Test machines are dedicated for Storj only; Synology DS218+ 1GB RAM and Synology DS220+ 10GB and 18GB RAM, ext4, noatime, no RAID, no cache, no SSD, all the storagenode files and OS are on node’s drives. Log level is on “fatal”.
The 1GB sys has 2x Iron Wolf 8TB, the rest have Exos 16TB (big nodes) and 22TB (new nodes of 700GB).
Writecache is enabled. All drives are formated as 512e, exept the new 22TB ones. I learned too late about fastformat to 4Kn. The nodes were not full at test time, so they had ingress and egress.

FW run increases somehow exponentialy with occupied space, not linear, so if you have lets say 1h/5TB, you won’t have 3h/15TB, but way more.
Anything that reduces the I/O on drive benefits the FW run.
CPU and internet access and speed are not important.
The biggest influence on FW run time it has the RAM and any sort of cache for matadata, etc., at least for Linux, because it utilises the entire memory available for buffers and cache.
Next will be the ingress. If you cut the ingress by reducing the allocated space below the occupied space, FW run will go much faster. It reduces writes, and increases reads.
I did’t messured the effect of the log level, but of course, the info level will impact negatively the FW run.
The smallest influence on FW out of main factors it has moving db-es on other medium, like SSD or USB stick. Is not like the others listed above but it helps. And of course, you get rid of db lock errors.
Apart from these factors, the lazzy FW takes aprox. 50% more time than normal FW.

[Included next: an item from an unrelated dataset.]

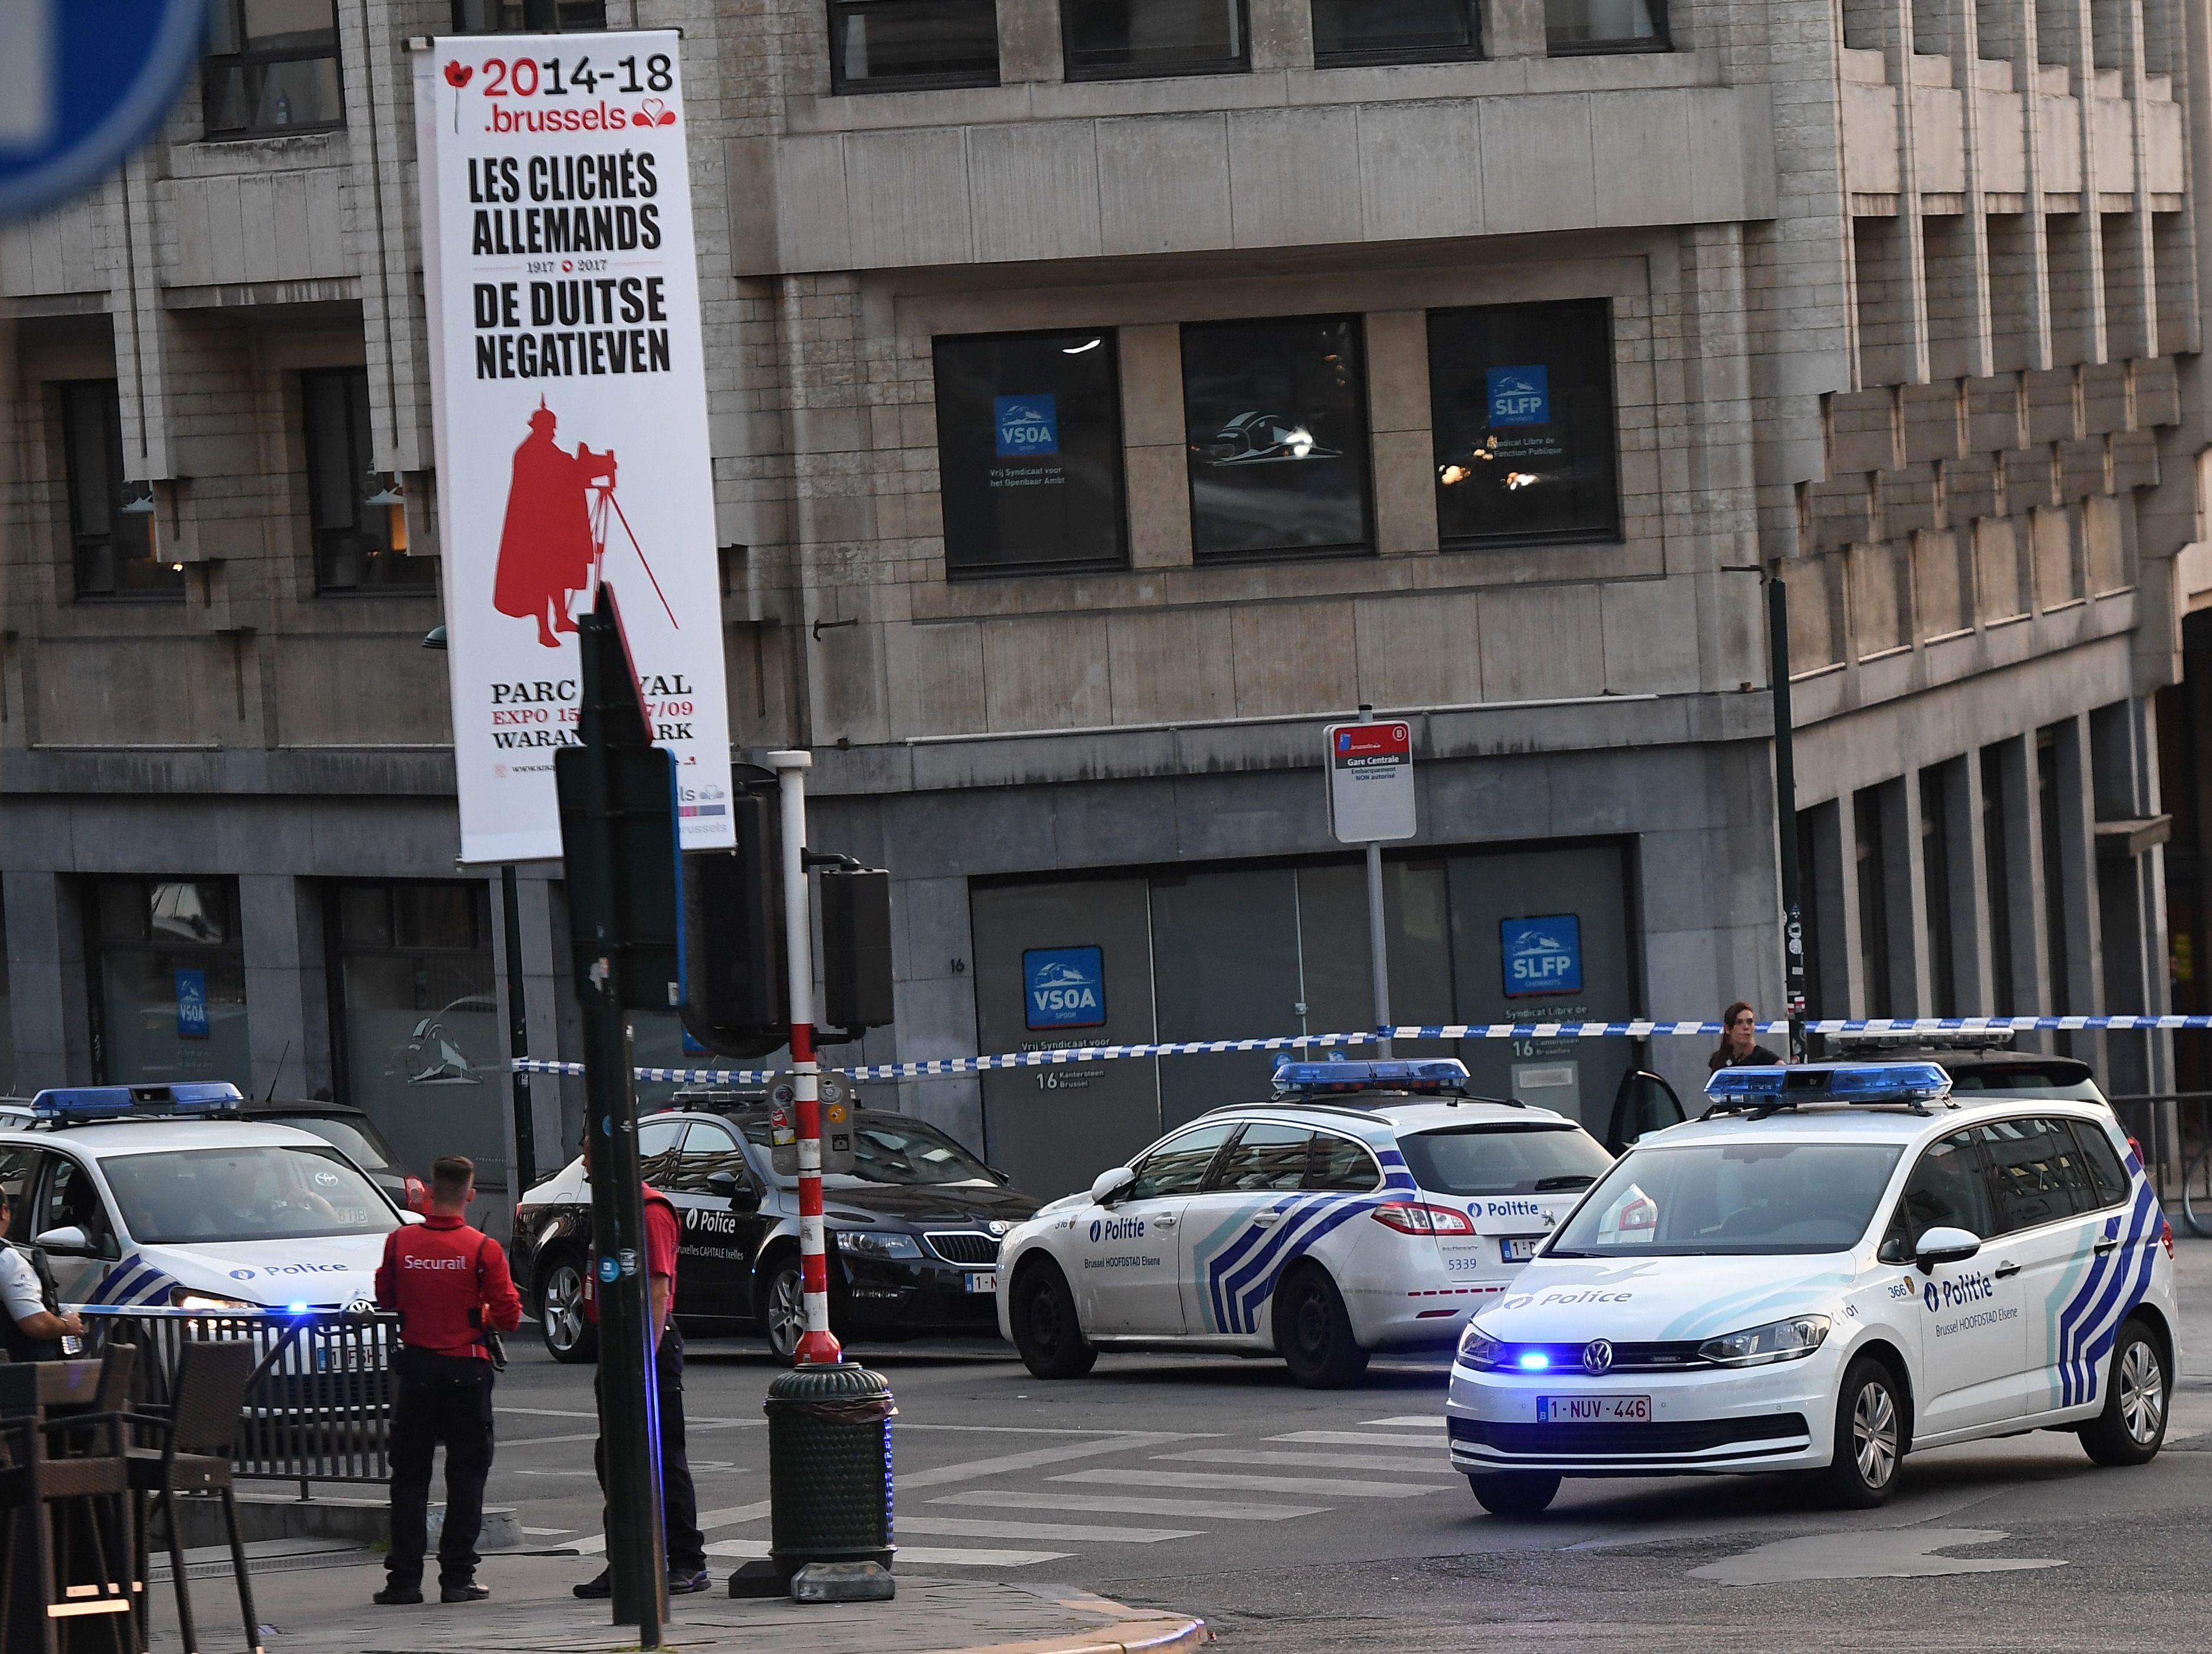 وصول الشرطة إلى موقع حادث بروكسل

RESULTS (in the order I did them, in a span of 1 year, on different nodes):
A. RAM test, lazzy off:
18GB RAM - 9.52TB - 7.5h, 0.8h/TB - 1 node
10GB RAM - 8.85TB - 29h, 3.3h/TB - 1 node
1GB RAM - 4.65TB + 4.03TB - 58h, 6.7h/TB for both nodes

B. LAZZY mode test - node full (14.5TB, so no ingress)
18GB RAM - 13.1TiB, lazzy ON - 57 hours, 4.35h/TB - 2 nodes running
18GB RAM - 13.2TiB, lazzy OFF - 39.5 hours, 3h/TB (3% online score lost ?) - 2 nodes running

C. Testing one node of 11.4TB, with a seconde new node running in parallel:
LAZY OFF, DB-es on HDD:
Total run time - 43h, 3.77h/TB (6h no ingress, internet down, IOPS Reads x3)

LAZY OFF, DB-es on HDD, no ingress (Reads IOPS x3 than normal):
Total run time - 29h 40min, 2.6h/TB

LAZY OFF, DB-es on USB 3 (Samsung Bar Plus 128GB):
Total run time - 43h, 3.77h/TB

During FW run:
USB Read peak speed 190KB/s, IOPS 80
USB Write peak speed 700KB/s, IOPS 52
Utilization 11% max

After FW run:
USB Read peak speed 150KB/s, IOPS 34
USB Write peak speed 1024KB/s, IOPS 74

snorkel · February 10, 2024, 9:04pm

The USB speeds reffer to USB stick that has only the databases on it, from both nodes.
The USB db got the same time as HDD db, but take note of the fact that for 6h the internet was down, and there was no ingress; so the HDD db would take much longer. Maybe someone can do the math.

Toyoo · February 10, 2024, 11:02pm

This is weird, there’s plenty of memory to cache metadata in this case. I would expect maybe up to 20 mins/TB in this case with default ext4 settings. Do you mind posting dumpe2fs -h for this file system (UUIDs and time stamps are not needed, you can censor them)?

snorkel · February 10, 2024, 11:07pm

I’m not a linux guy. Should I run this exactely how you posted it? With sudo?

Toyoo · February 10, 2024, 11:23pm

Sorry, I don’t know how would you need to run it on a Synology box. It would indeed need to run as root (so with sudo), and you need to add your block device path as an additional parameter to the command (so, sth like dumpe2fs -h /dev/your-device). The output will then resemble sth like this:

dumpe2fs 1.47.0 (5-Feb-2023)
Filesystem volume name:   root
Last mounted on:          /
[… around 60 lines total …]
Journal start:            196593
Journal checksum type:    crc32c
Journal checksum:         0xe588f439